Work to be completed
Skipping all images, output the listing word for word.

Top of Collected material

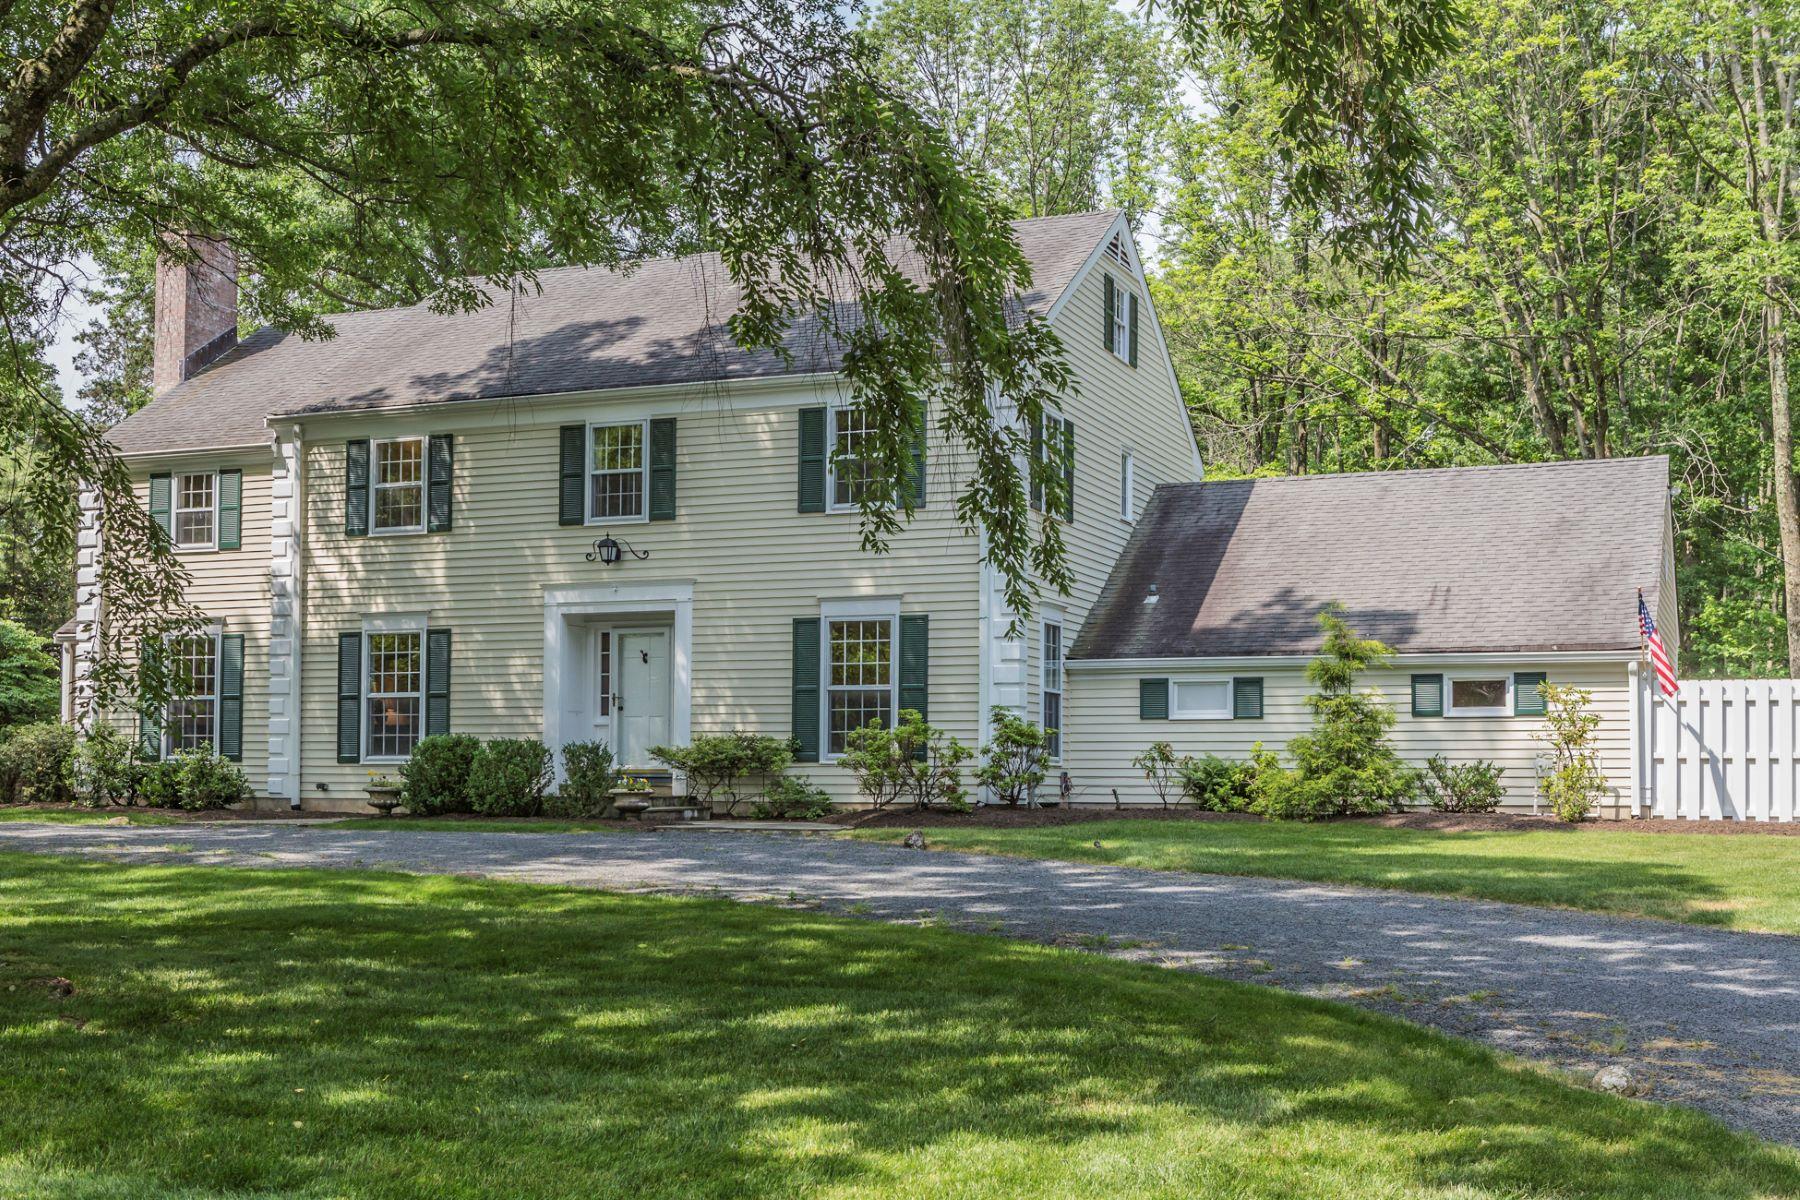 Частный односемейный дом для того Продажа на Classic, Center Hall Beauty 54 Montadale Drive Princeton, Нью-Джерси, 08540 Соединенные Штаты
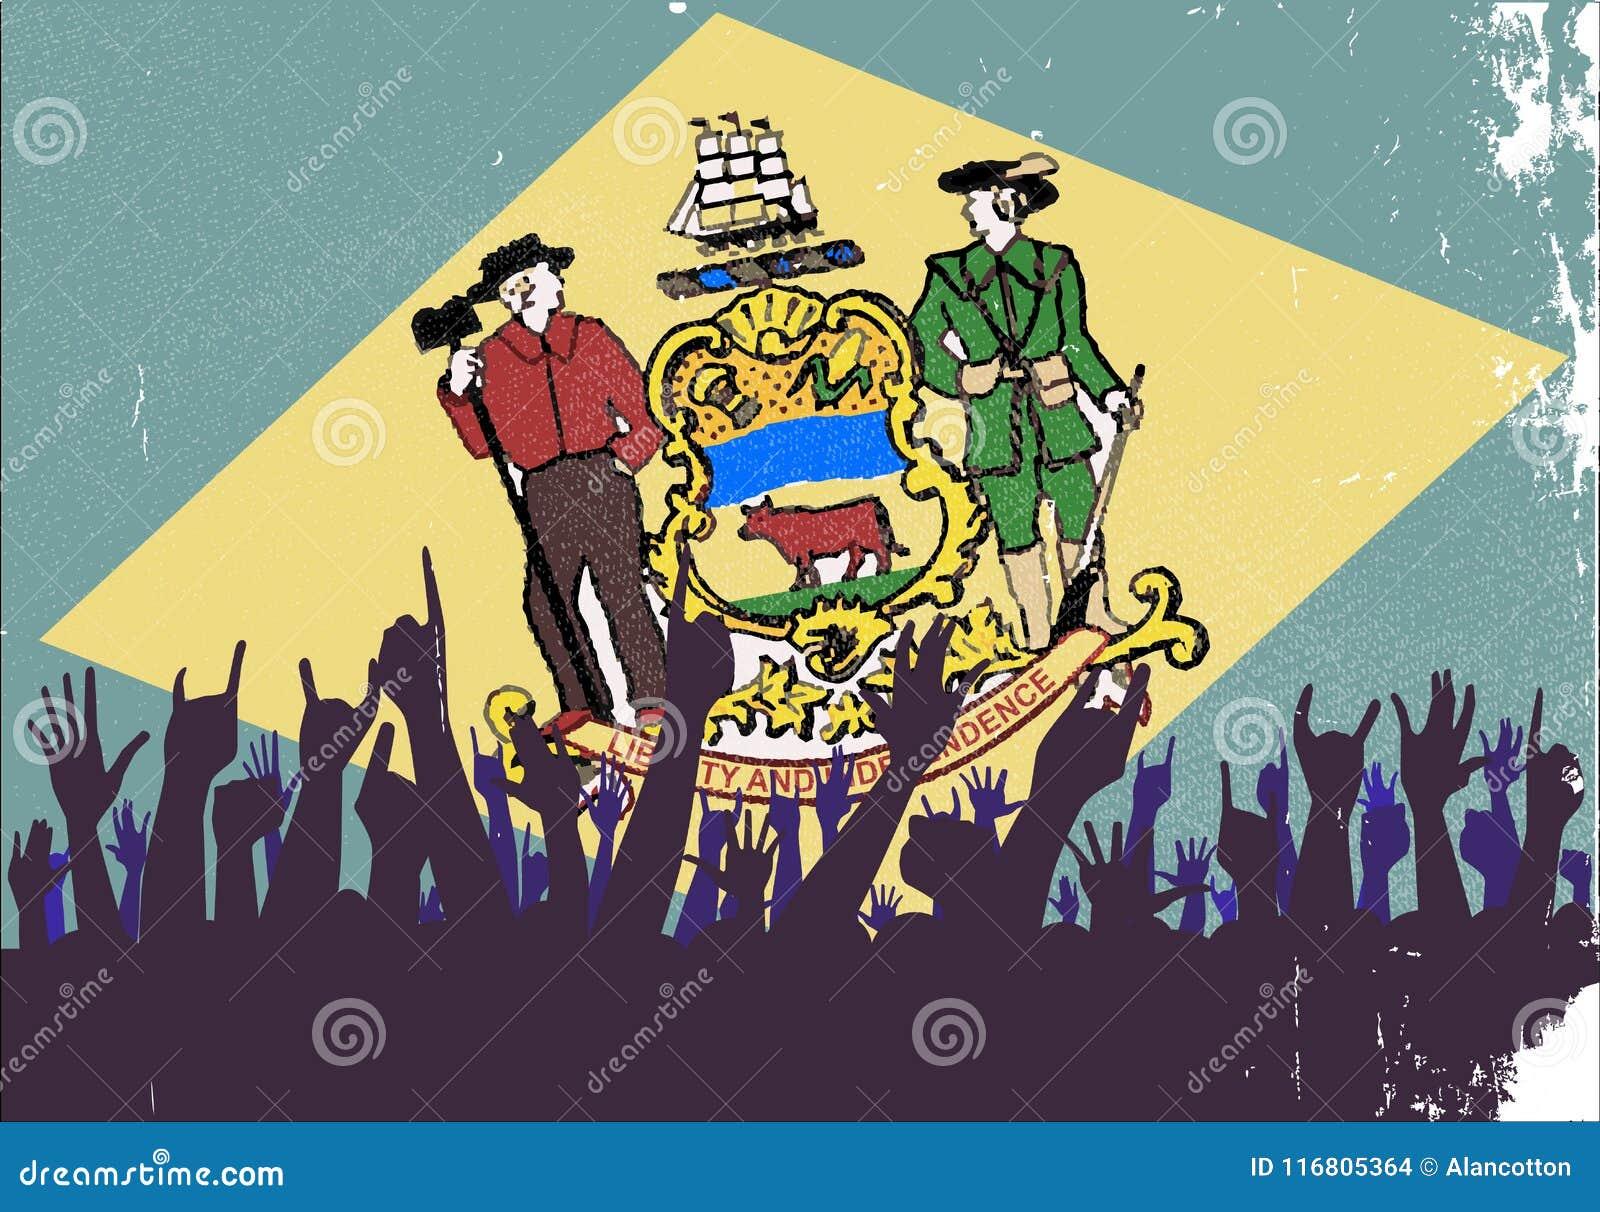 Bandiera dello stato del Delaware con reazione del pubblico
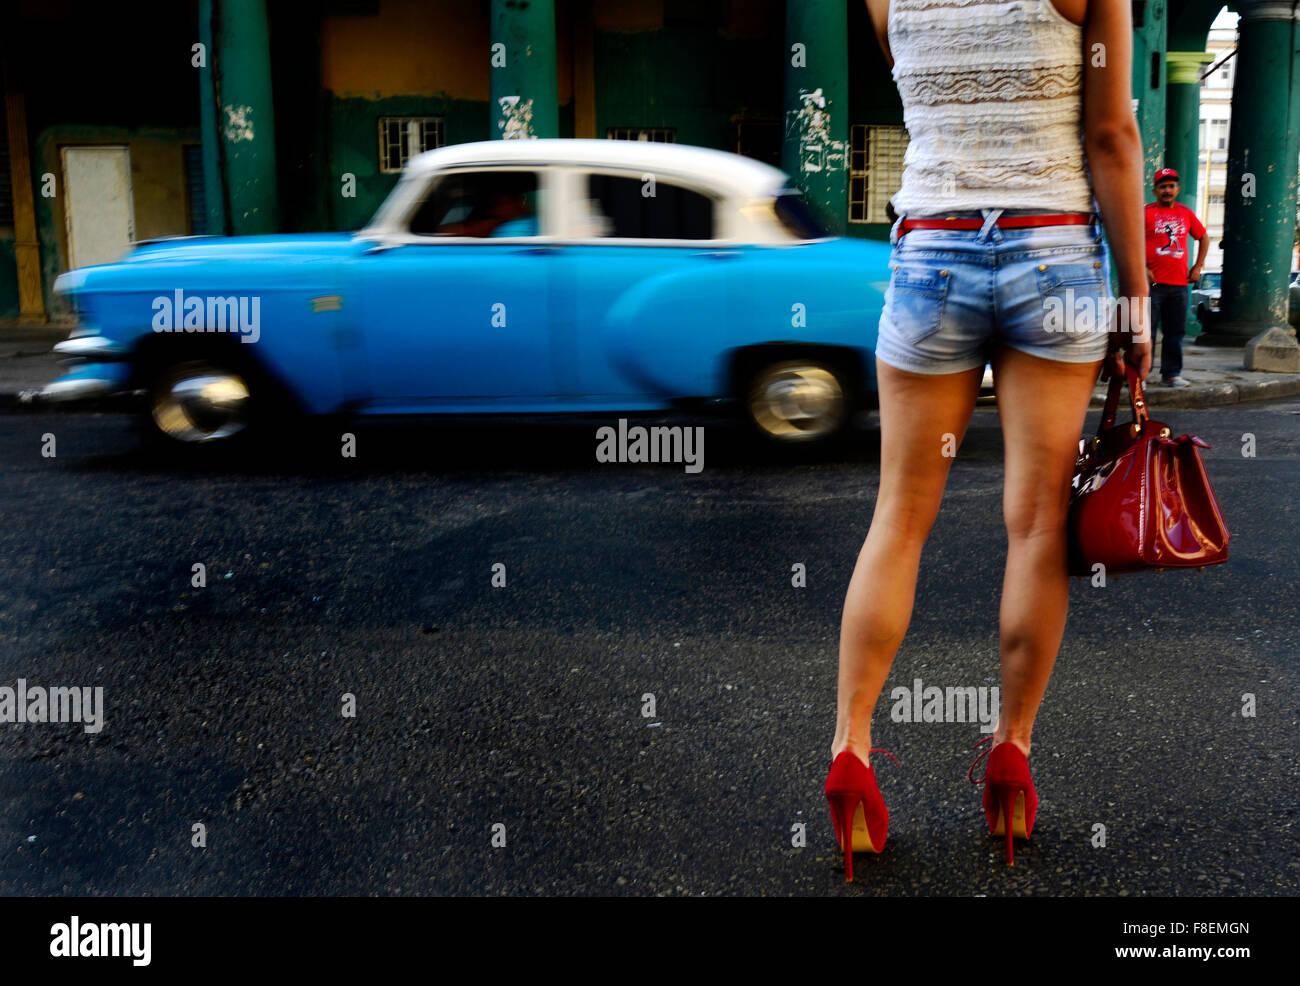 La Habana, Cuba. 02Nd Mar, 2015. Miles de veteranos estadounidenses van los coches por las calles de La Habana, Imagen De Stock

Bottom of Collected material

Task response
 Частный односемейный дом для того Продажа на Classic, Center Hall Beauty 54 Montadale Drive Princeton, Нью-Джерси, 08540 Соединенные Штаты
 Bandiera dello stato del Delaware con reazione del pubblico
 La Habana, Cuba. 02Nd Mar, 2015. Miles de veteranos estadounidenses van los coches por las calles de La Habana, Imagen De Stock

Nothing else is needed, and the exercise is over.